Problem statement
An exact copy of all the entries is needed, with no images in it.

Exercise data
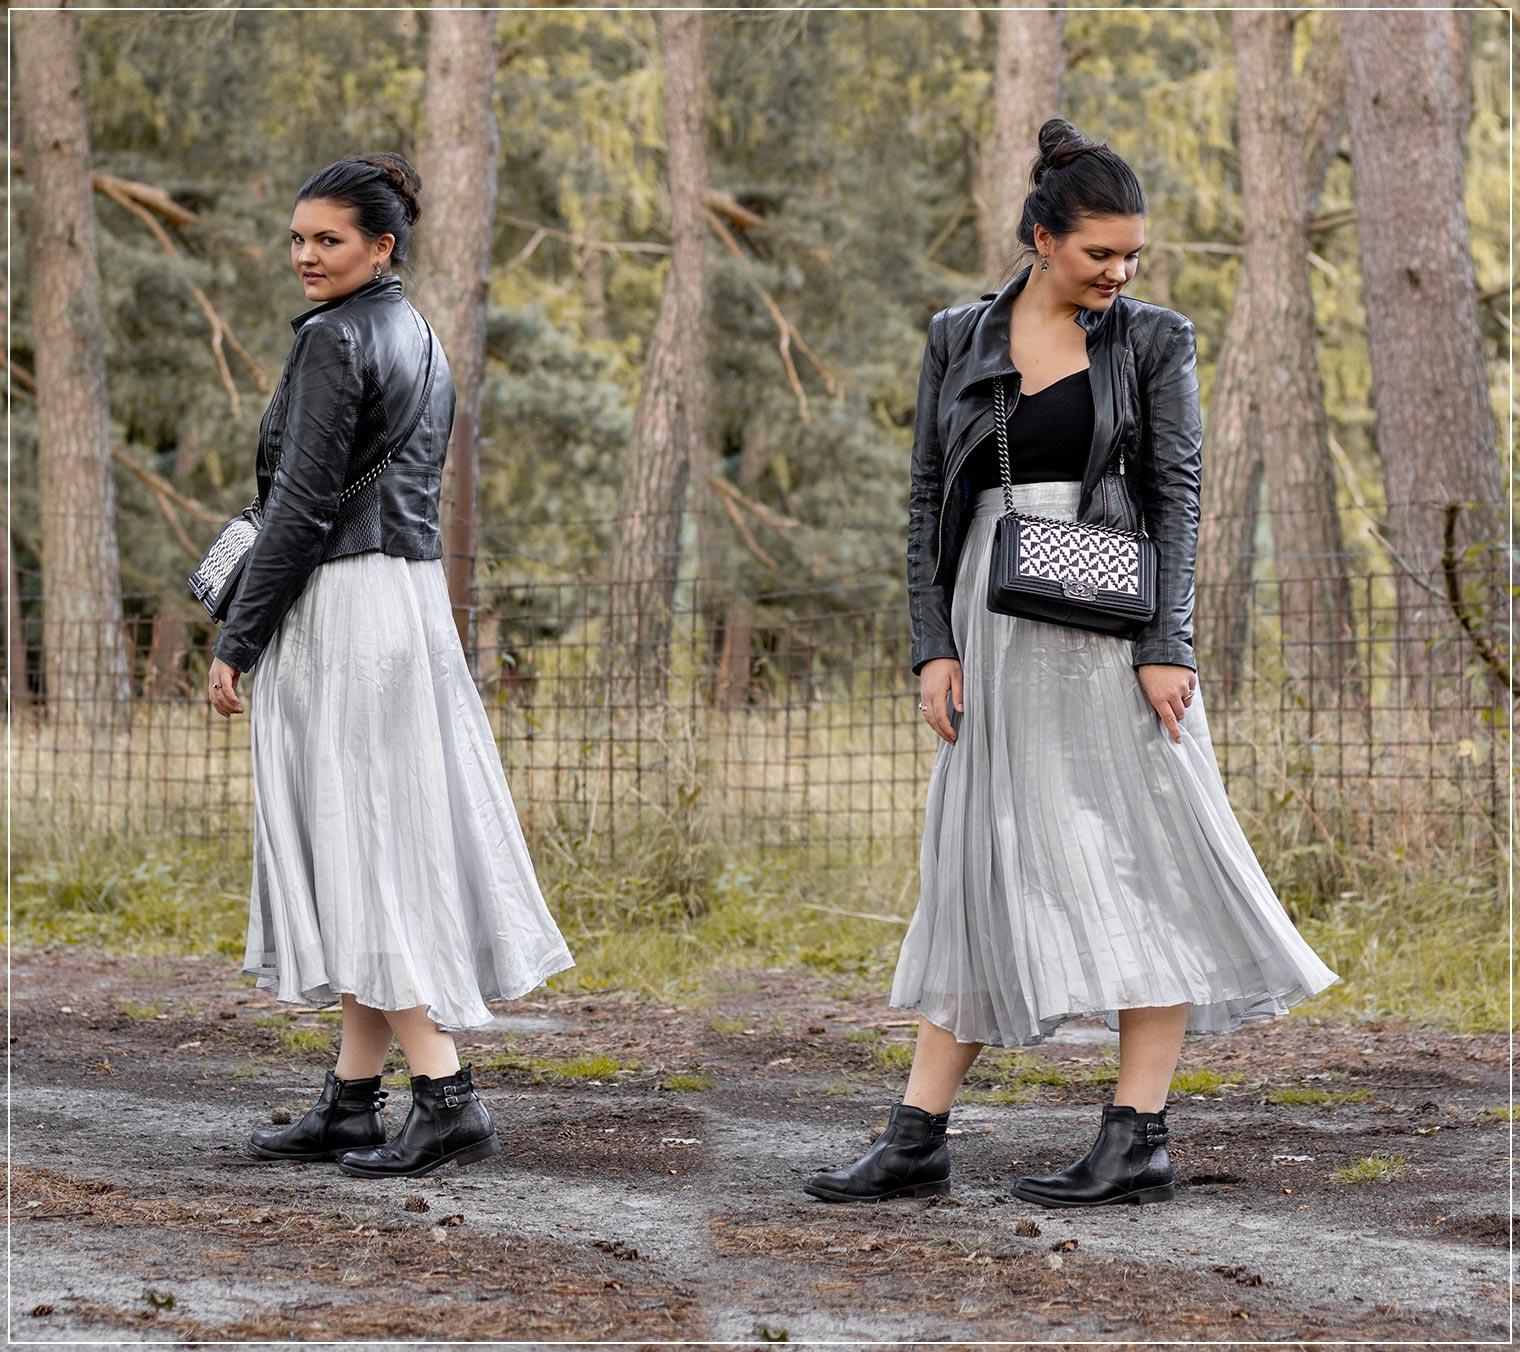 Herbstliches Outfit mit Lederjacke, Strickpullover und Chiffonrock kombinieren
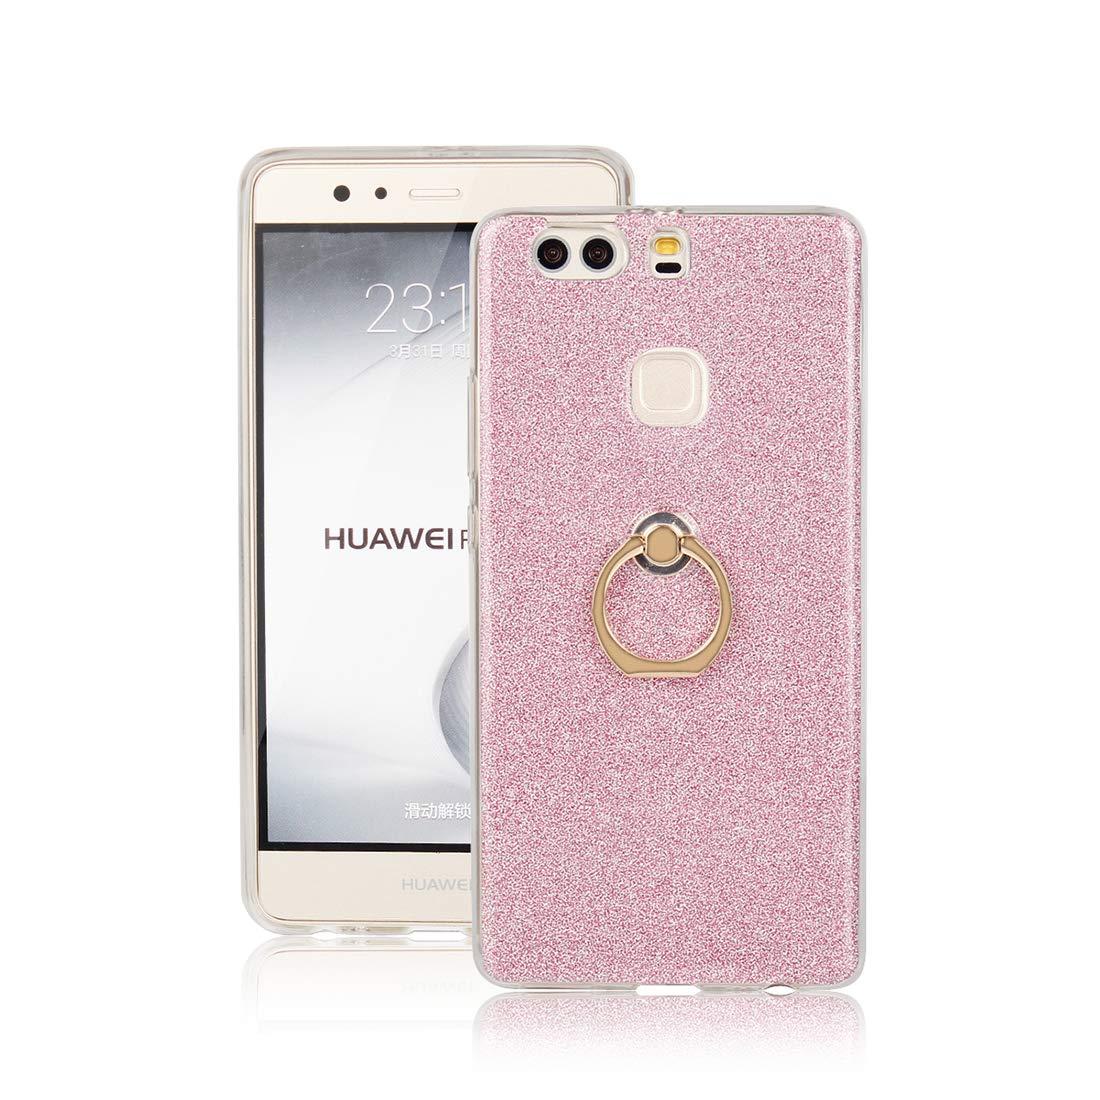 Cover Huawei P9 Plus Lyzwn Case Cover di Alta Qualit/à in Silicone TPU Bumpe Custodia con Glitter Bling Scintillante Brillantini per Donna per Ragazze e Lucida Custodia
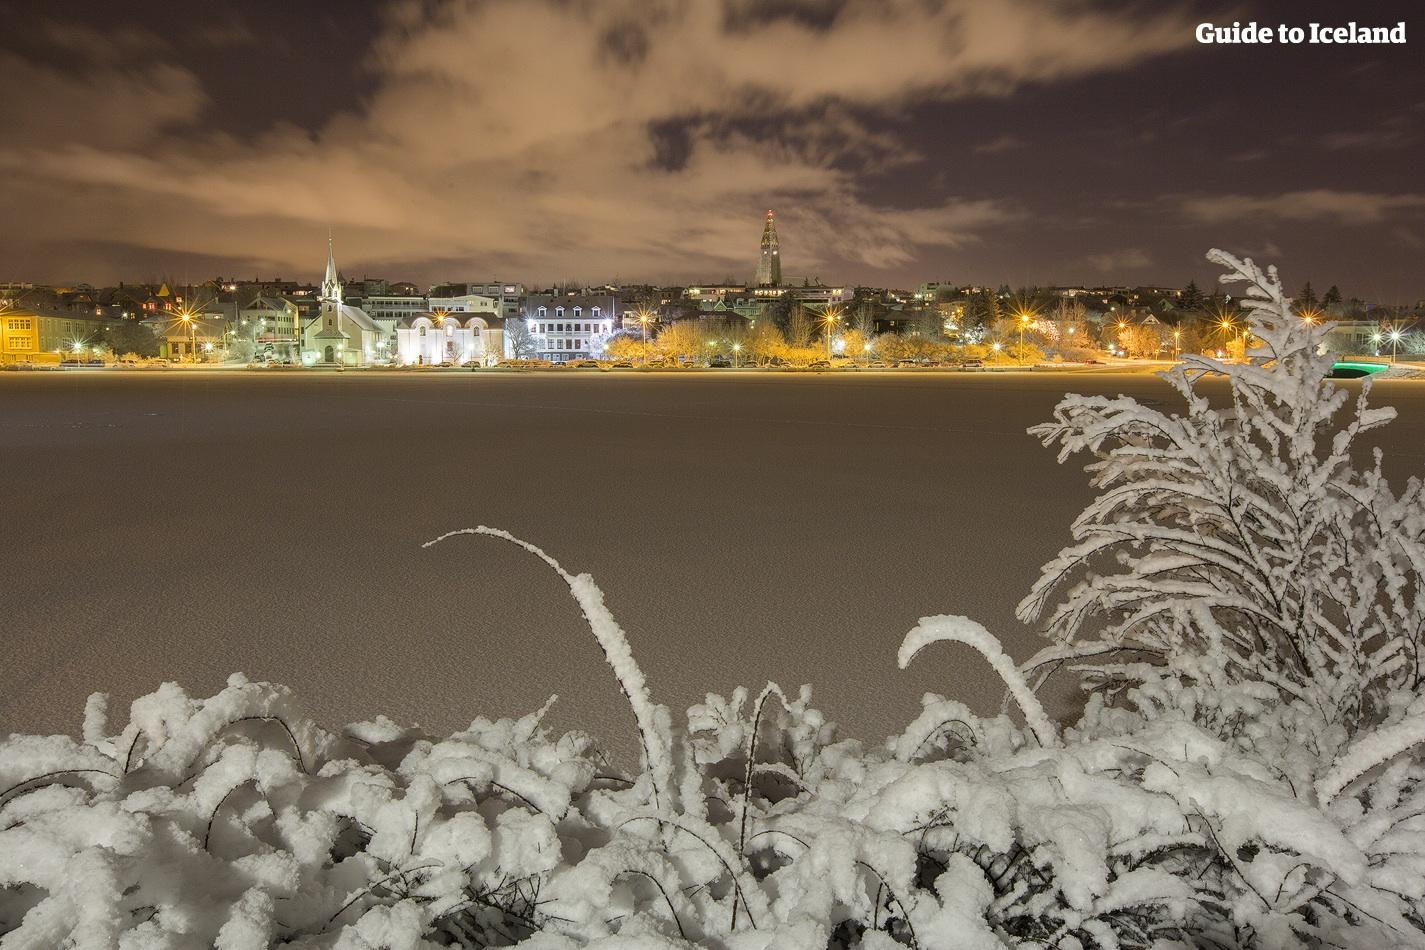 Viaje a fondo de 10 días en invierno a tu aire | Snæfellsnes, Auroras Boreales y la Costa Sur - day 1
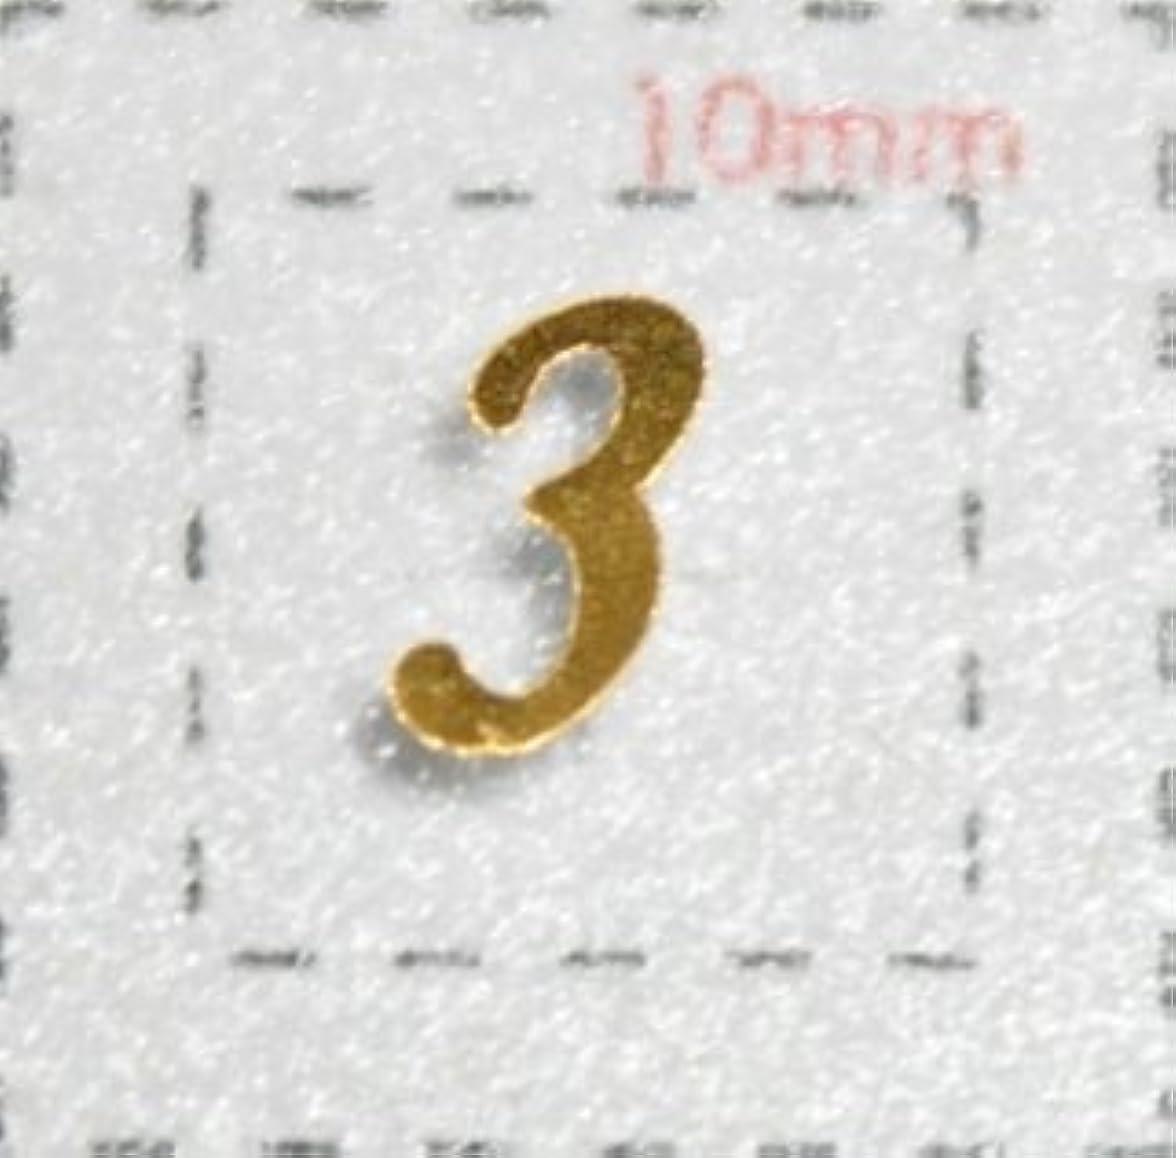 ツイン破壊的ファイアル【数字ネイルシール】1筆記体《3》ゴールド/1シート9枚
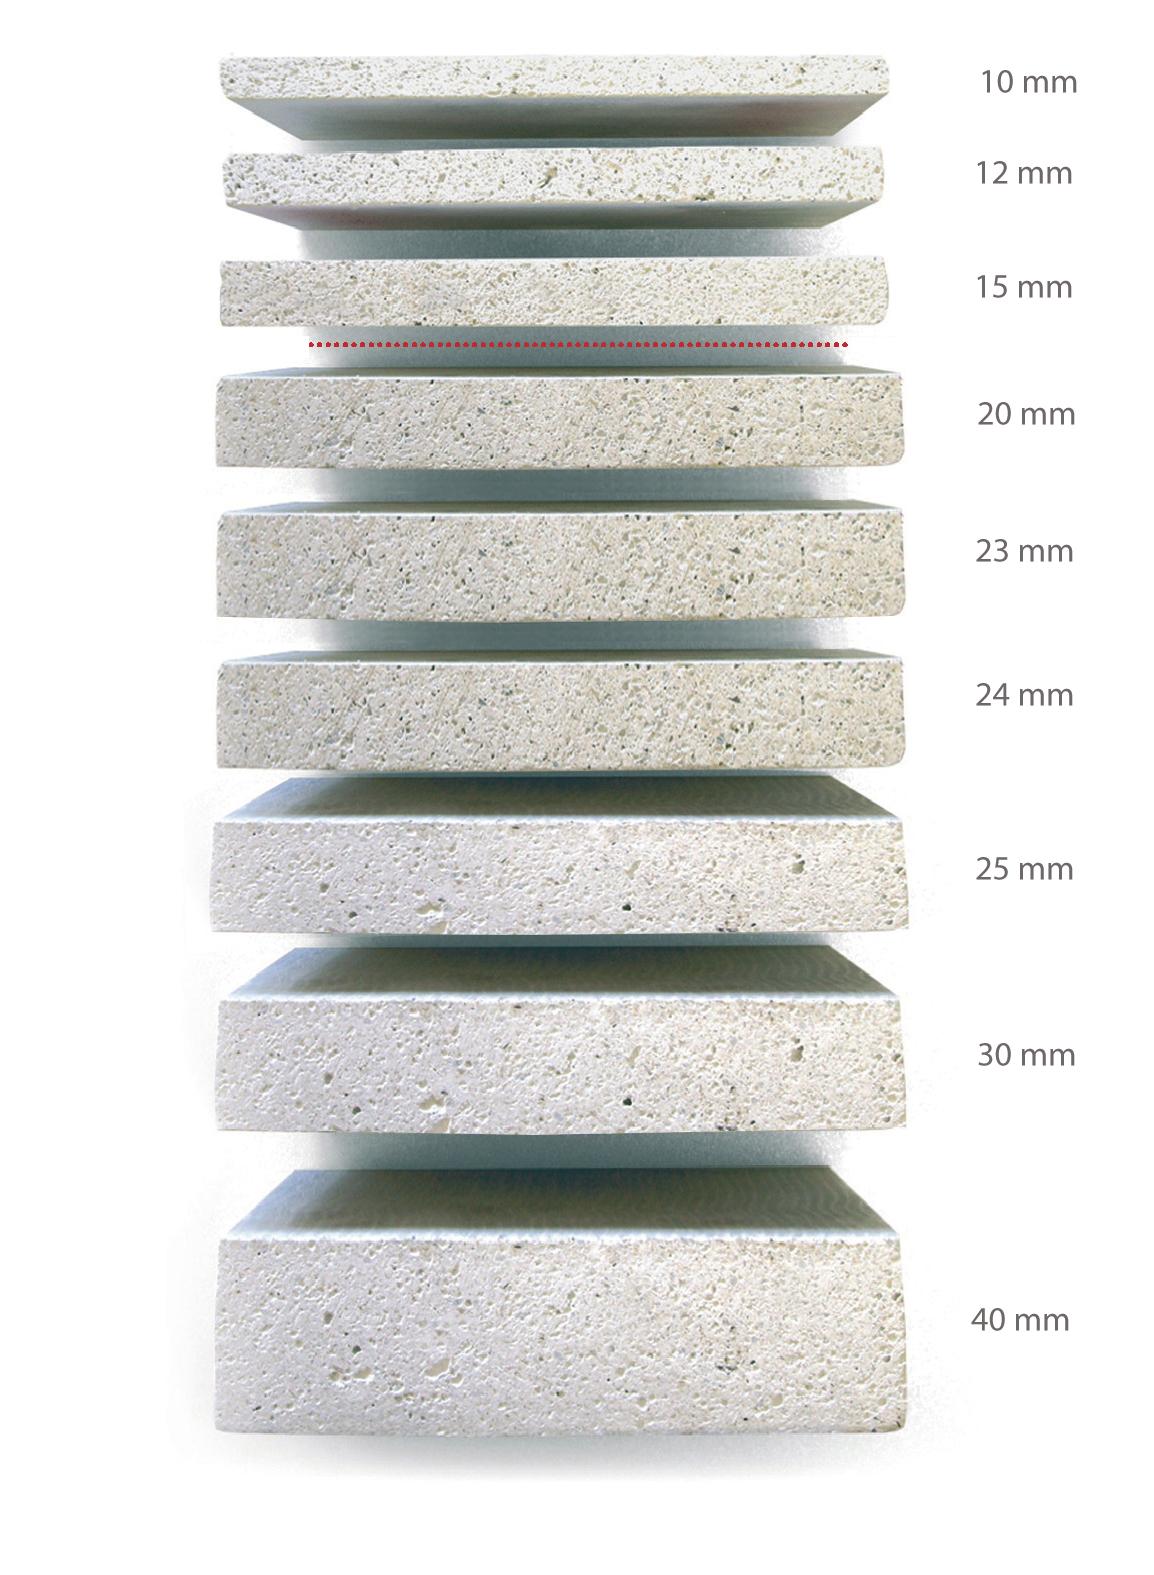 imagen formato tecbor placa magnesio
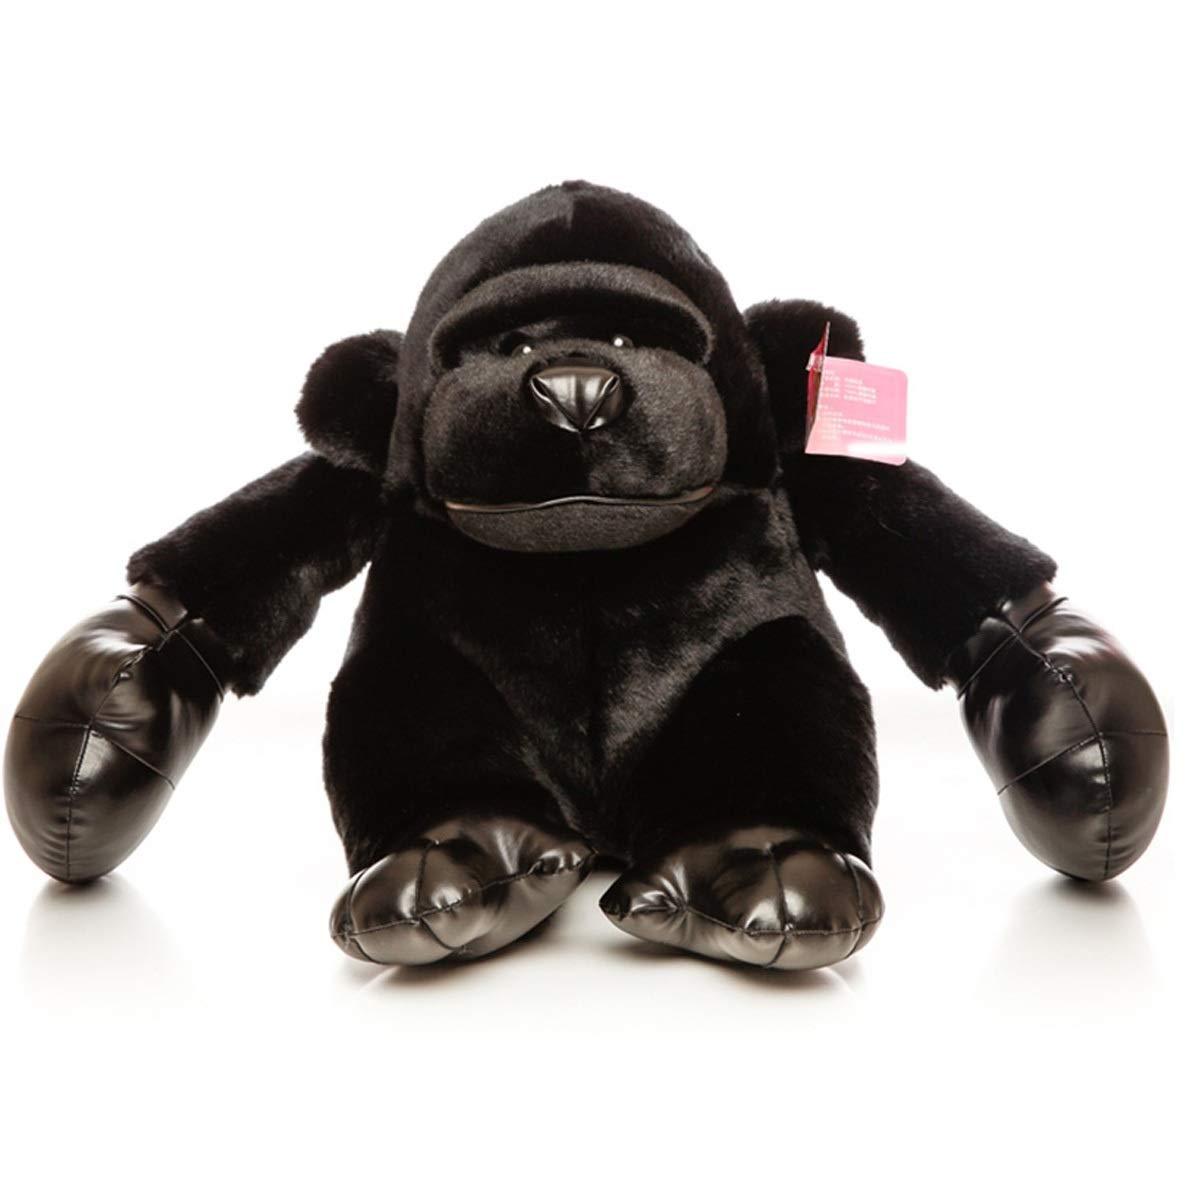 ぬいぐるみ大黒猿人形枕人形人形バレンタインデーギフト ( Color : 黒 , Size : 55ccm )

Exercise result
 Herbstliches Outfit mit Lederjacke, Strickpullover und Chiffonrock kombinieren
 Cover Huawei P9 Plus Lyzwn Case Cover di Alta Qualit/à in Silicone TPU Bumpe Custodia con Glitter Bling Scintillante Brillantini per Donna per Ragazze e Lucida Custodia
 Viaje a fondo de 10 días en invierno a tu aire | Snæfellsnes, Auroras Boreales y la Costa Sur - day 1
 ツイン破壊的ファイアル【数字ネイルシール】1筆記体《3》ゴールド/1シート9枚
 imagen formato tecbor placa magnesio
 ぬいぐるみ大黒猿人形枕人形人形バレンタインデーギフト ( Color : 黒 , Size : 55ccm )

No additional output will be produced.